= Aldeia Campista =

Brazilian neighborhood

Aldeia Campista (/pt/, "Camper Village") was a neighborhood in Rio de Janeiro, Brazil, close to contemporary Vila Isabel, Tijuca, Maracanã and Andaraí.

Located in the flat plain of the Grande Tijuca area of southernmost Zona Norte carioca neighbourhoods, once swampy, it was drained. Today most of the ancient Aldeia Campista was merged with Vila Isabel, in the area of it which is most close to Maracanã stadium, Tijuca and Andaraí. It is more close to the favelas of Mangueira and Morro dos Macacos than Tijuca National Park. A few schools, hospitals, small businesses and meet points for the Rio de Janeiro's youth are present there, close to a major shopping center in Tijuca and the Maracanã Stadium. Also close to the ancient Aldeia Campista is also Universidade Estadual do Rio de Janeiro (Rio de Janeiro's state University, most known by its acronym in Portuguese, UERJ), Vila Isabel Campus.
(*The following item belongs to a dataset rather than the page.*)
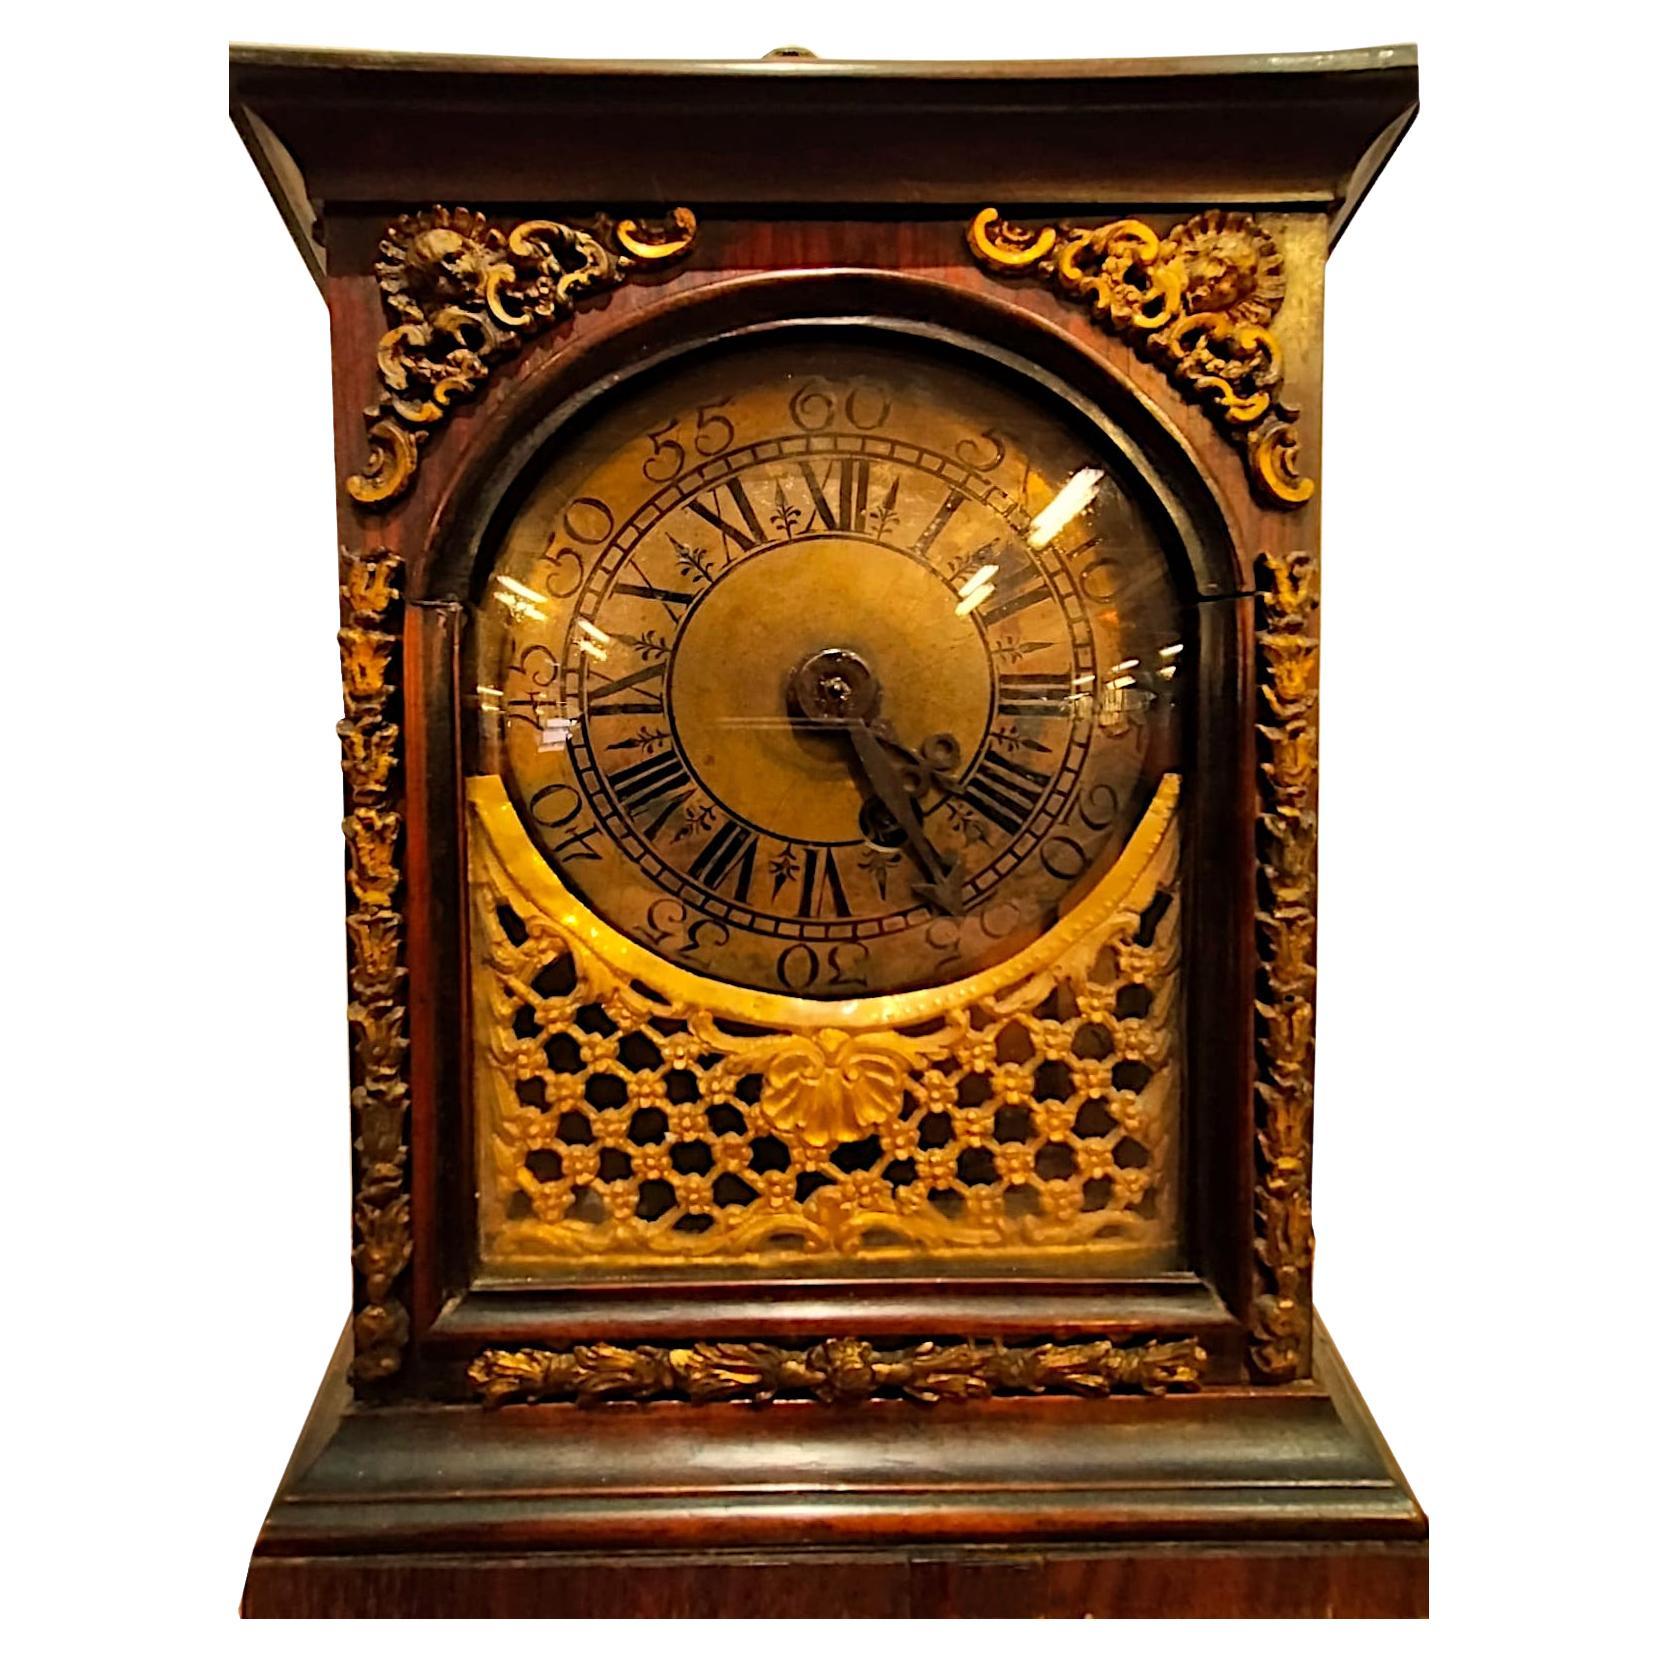 Horloge de table du début des années 1700,  bois de rose et bronzes dorés
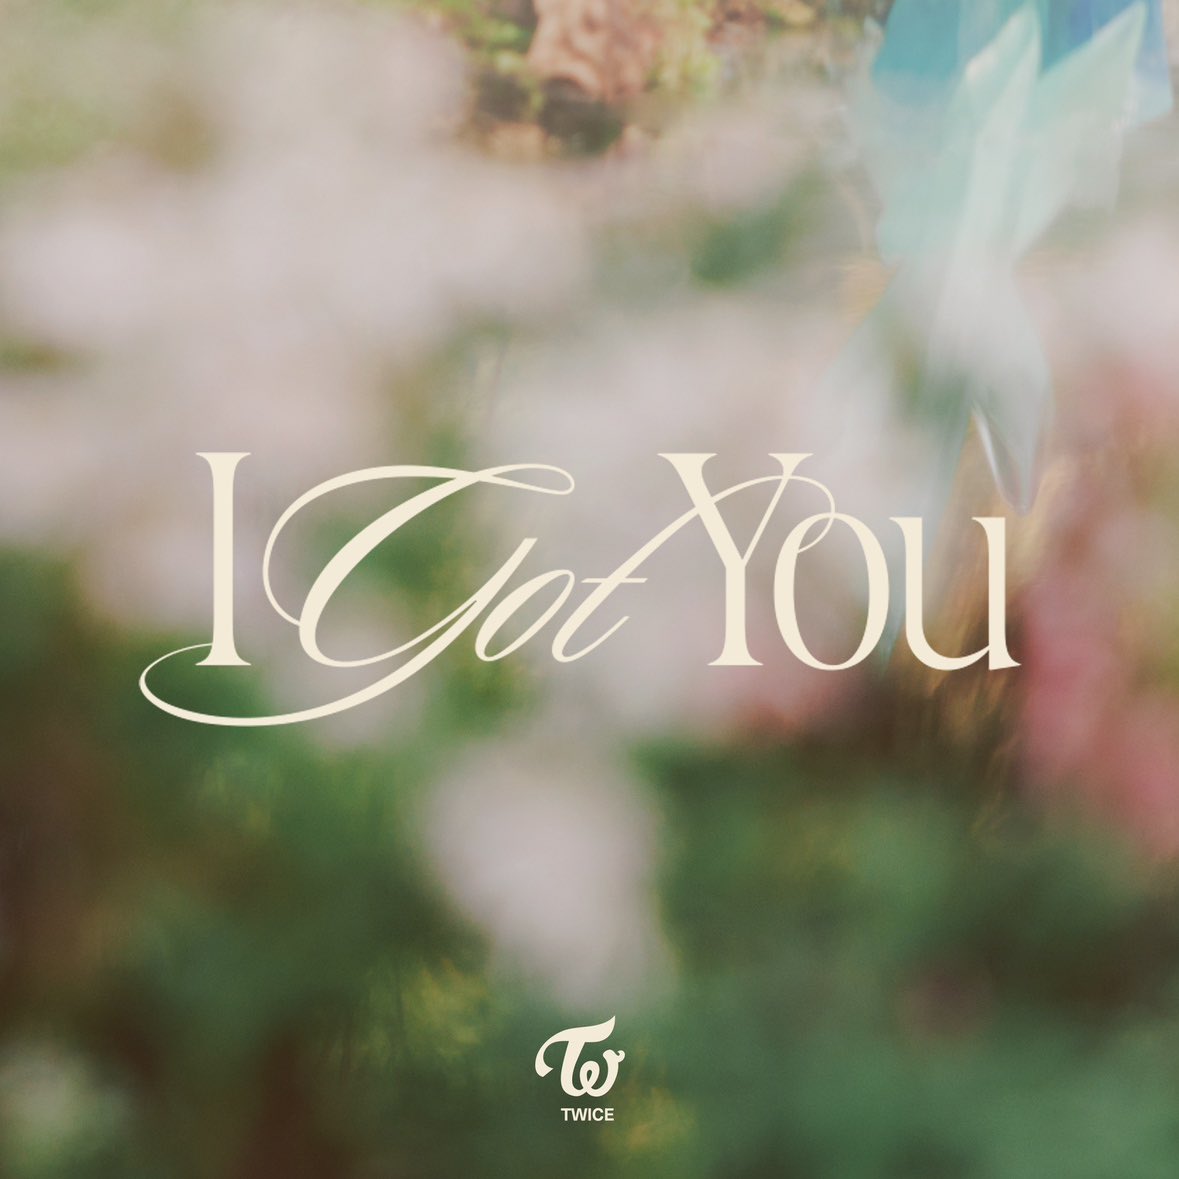 2일(금), 💖트와이스 선공개 싱글 "I GOT YOU" 발매🍭 | 인스티즈

Its standards of living are higher than the average of North Zone, nevertheless it is not an affluent area in the city or even popular outside Grande Tijuca.

In 1885, the Companhia de Fiação e Tecidos Confiança Industrial, a textile factory, was established in Aldeia Campista, between Vila Isabel and Andaraí. This factory played a significant role in the local economy and contributed to the area's development.

Common traditions found throughout Rio de Janeiro such as commemorating soccer victories and the carnival in the streets known as bloco de rua are also practised there. The region, as the whole middle class areas of Grande Tijuca, is mildly LGBT-friendly, although not representative when compared to Zona Sul, Zona Central and some areas of Niterói city (the closest to Grande Tijuca, Zona Central and Zona Sul in Rio de Janeiro metropolitan area) and Barra da Tijuca, but way more tolerant than other mostly residential neighbourhoods in Zona Norte, where discretion is highly advisable.

Rio's Metro stations close to what in the past was Aldeia Campista are Maracanã, São Francisco Xavier and Saens Peña (the latter two in Tijuca neighbourhood).